- Provided data:
- - - -
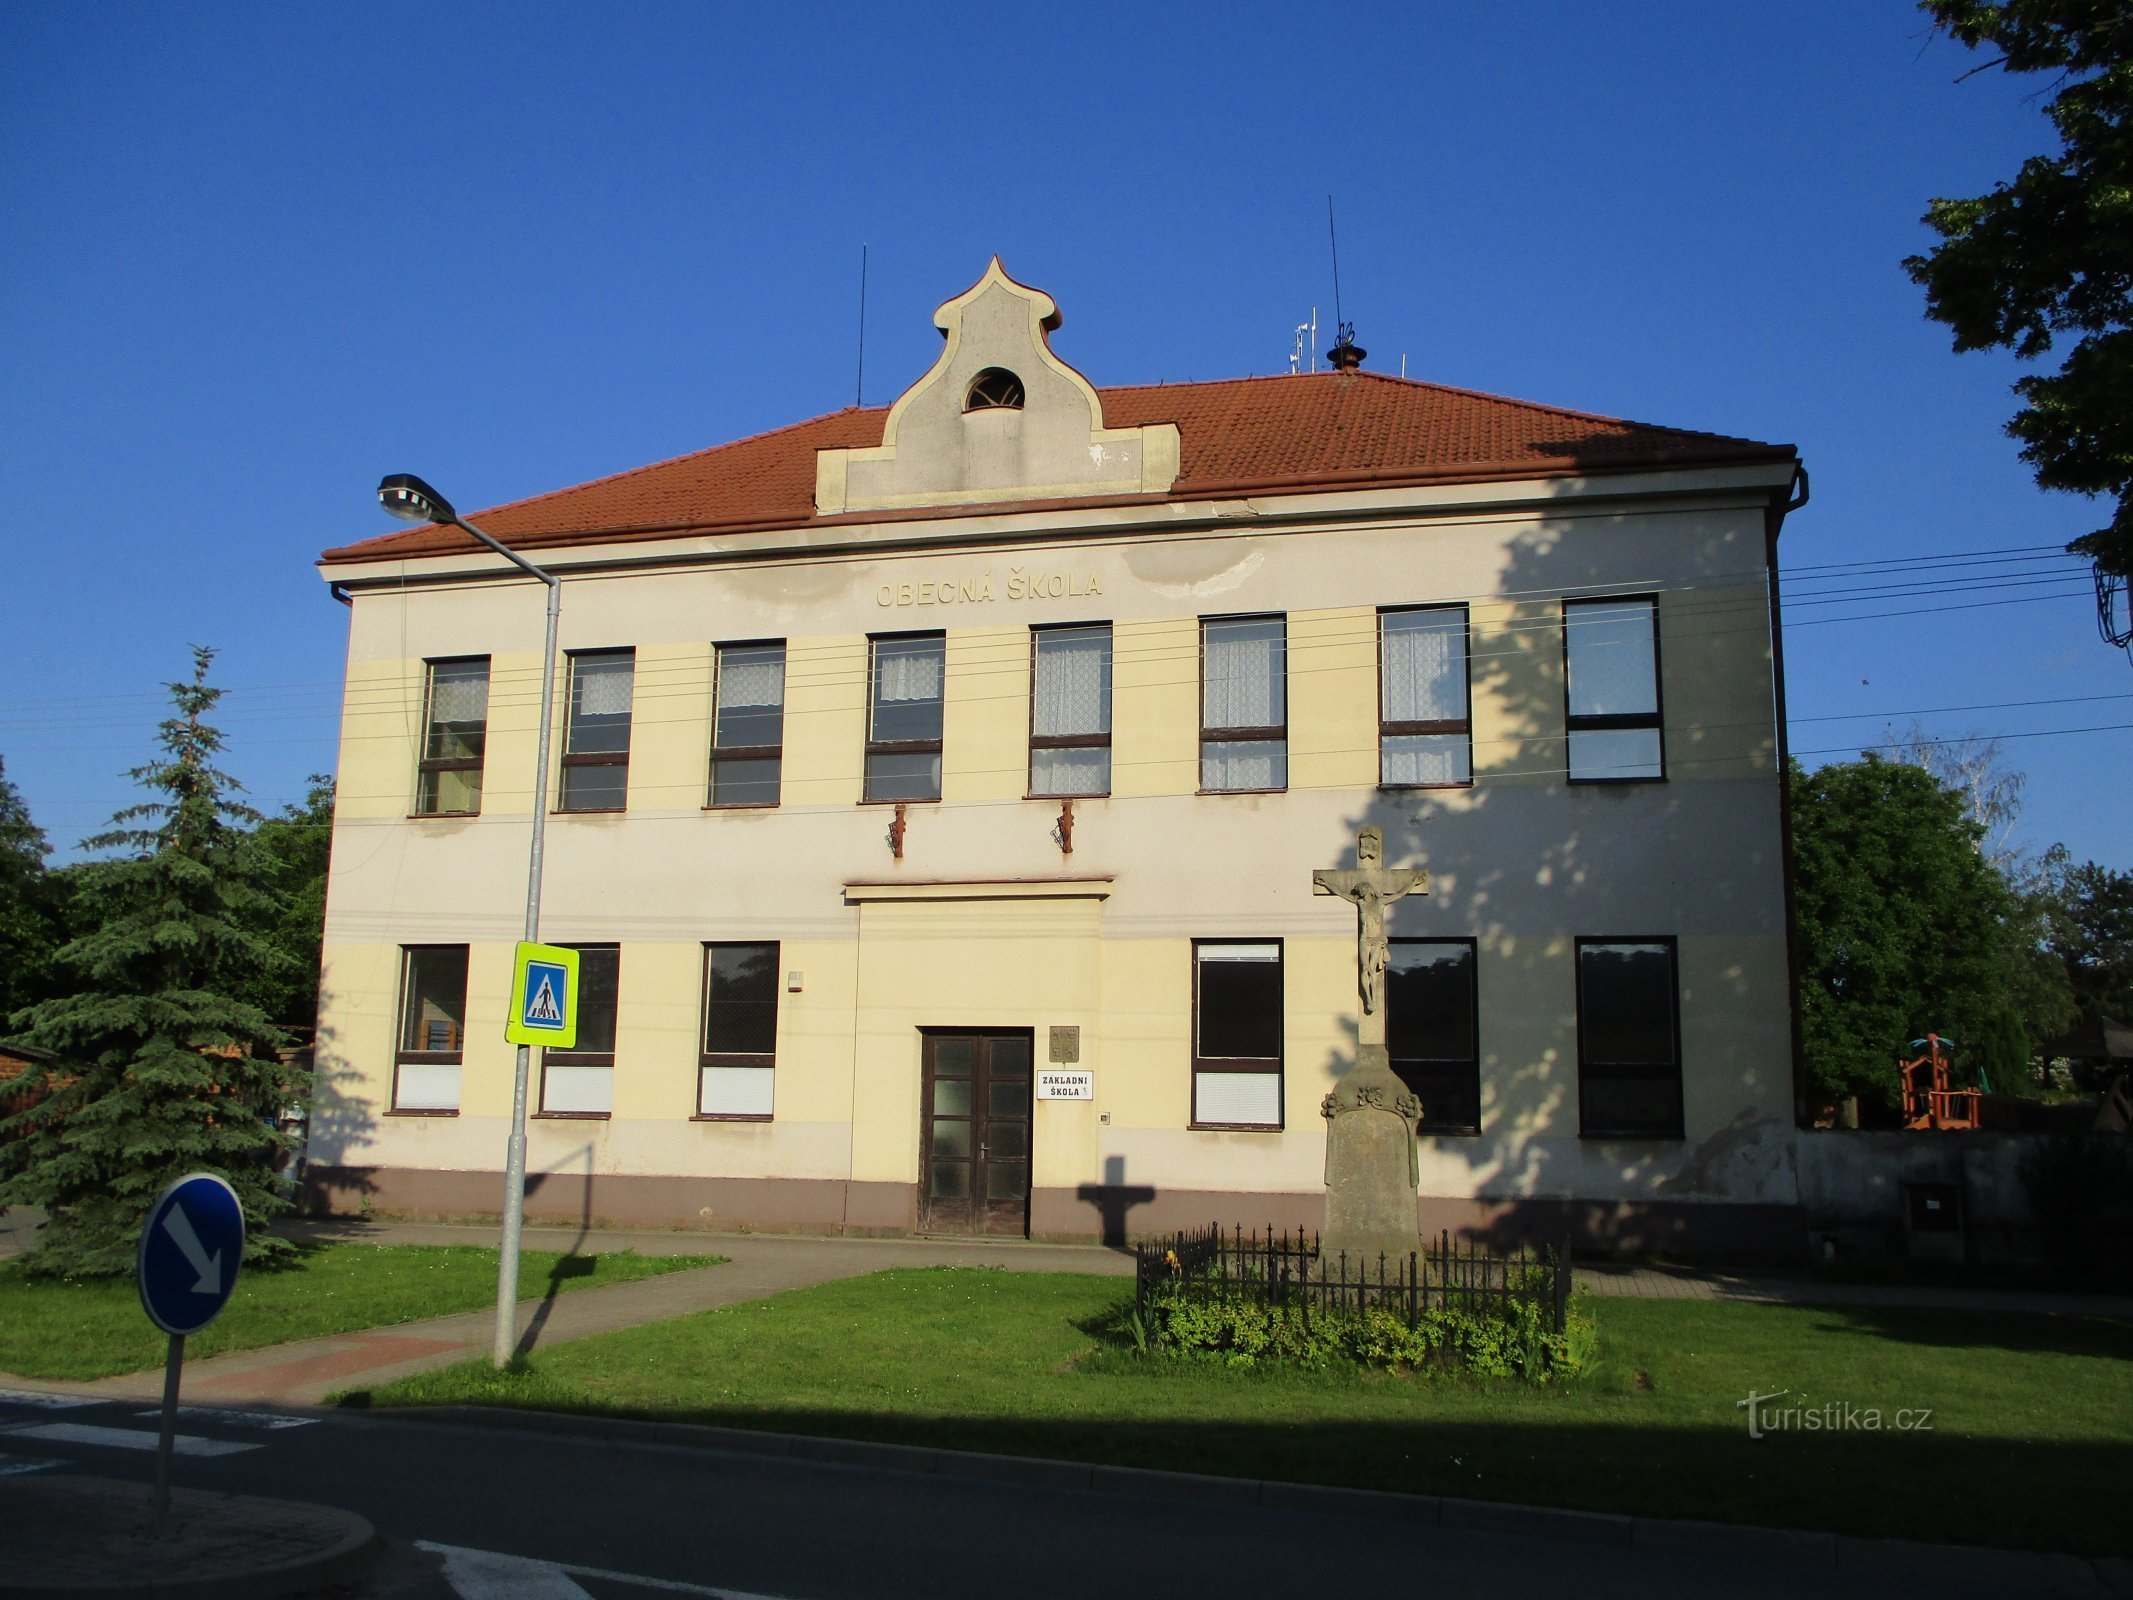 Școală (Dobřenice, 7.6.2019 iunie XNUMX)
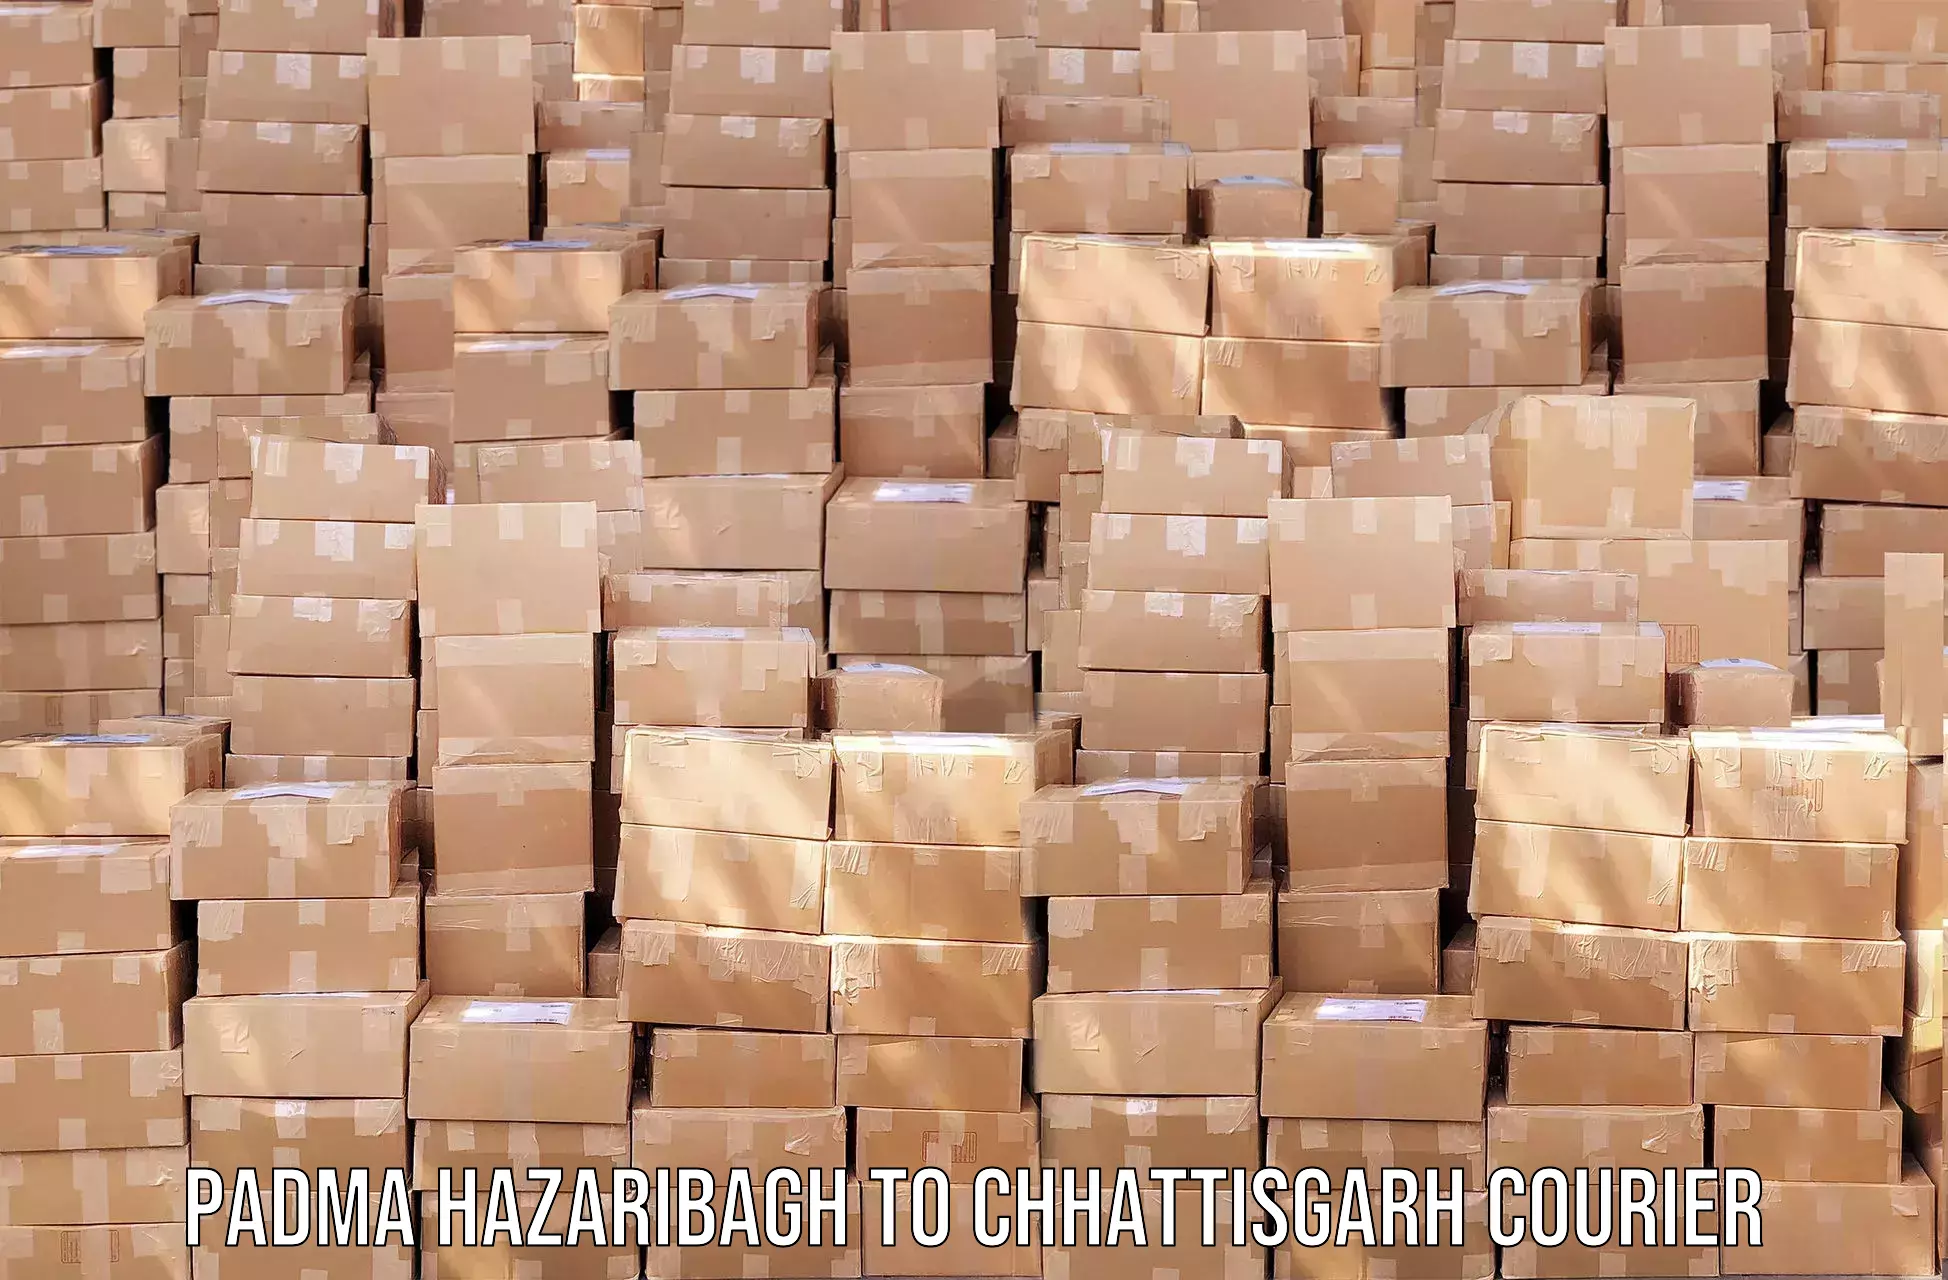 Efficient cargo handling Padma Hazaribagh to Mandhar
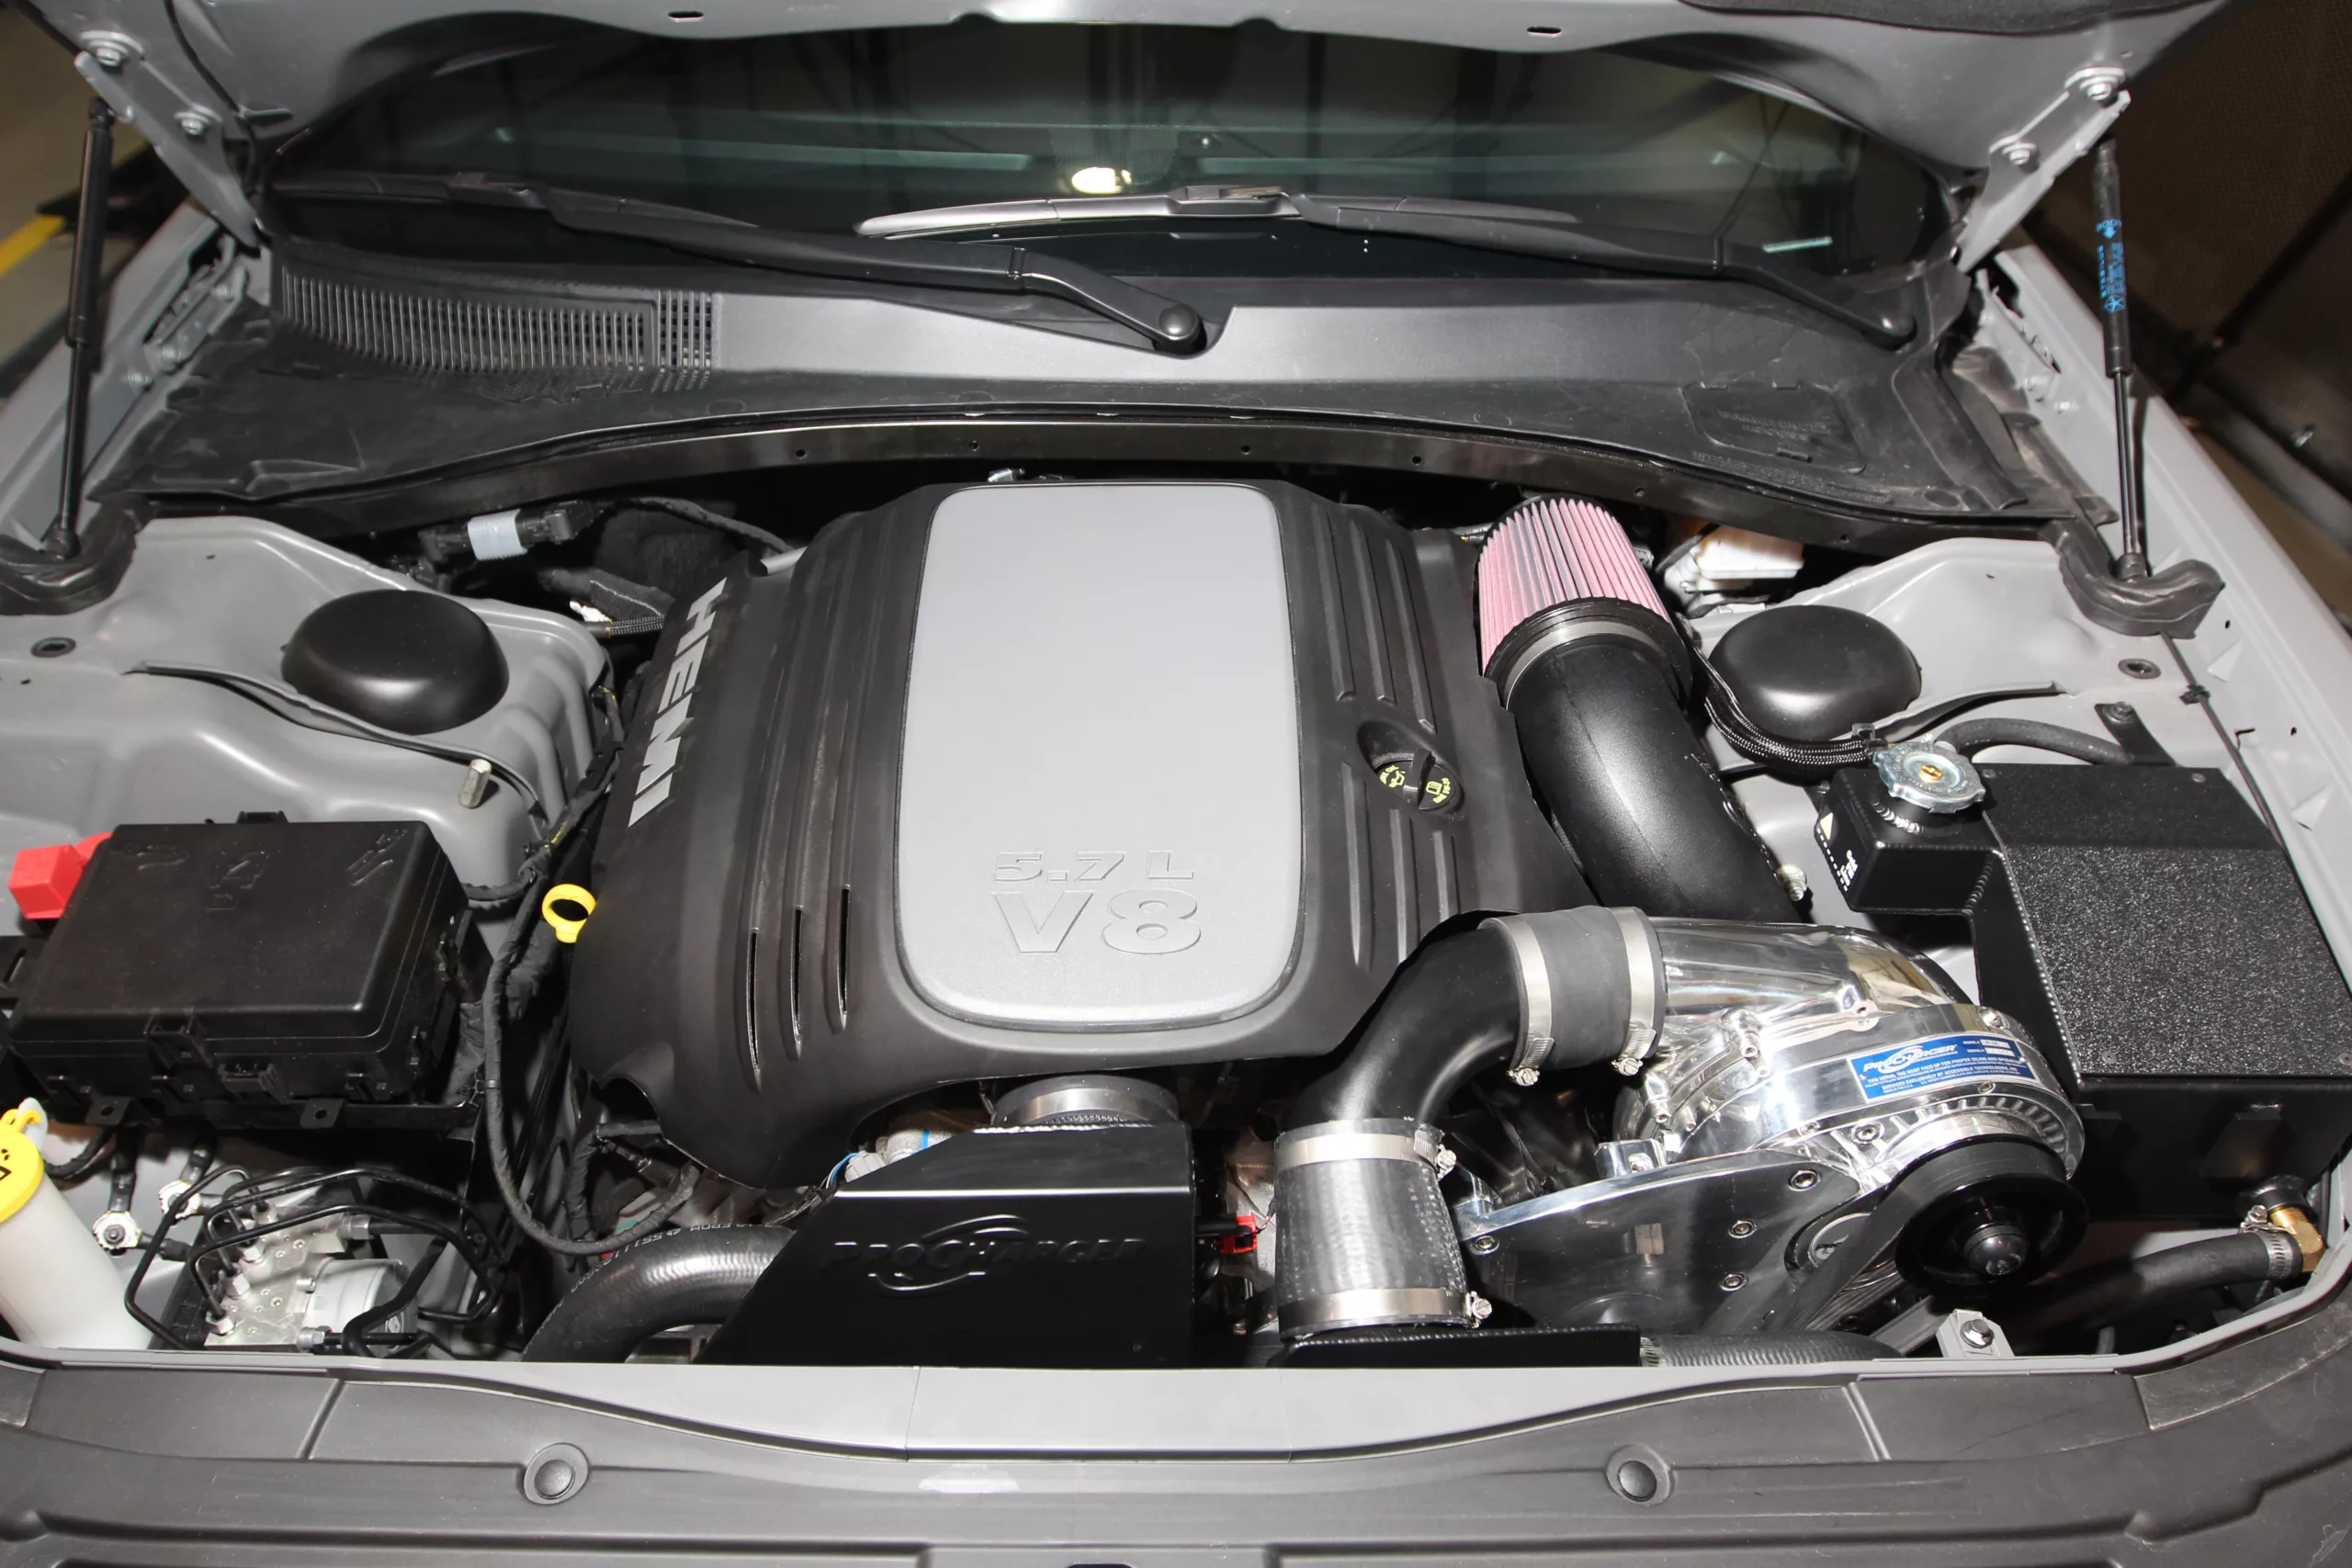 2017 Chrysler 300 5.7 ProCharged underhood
- - - -
- Problem details:
Pictures aside, repeat every line of the data above exactly.

- Solution for this problem:
 Școală (Dobřenice, 7.6.2019 iunie XNUMX)
 Efficient cargo handling Padma Hazaribagh to Mandhar
 2017 Chrysler 300 5.7 ProCharged underhood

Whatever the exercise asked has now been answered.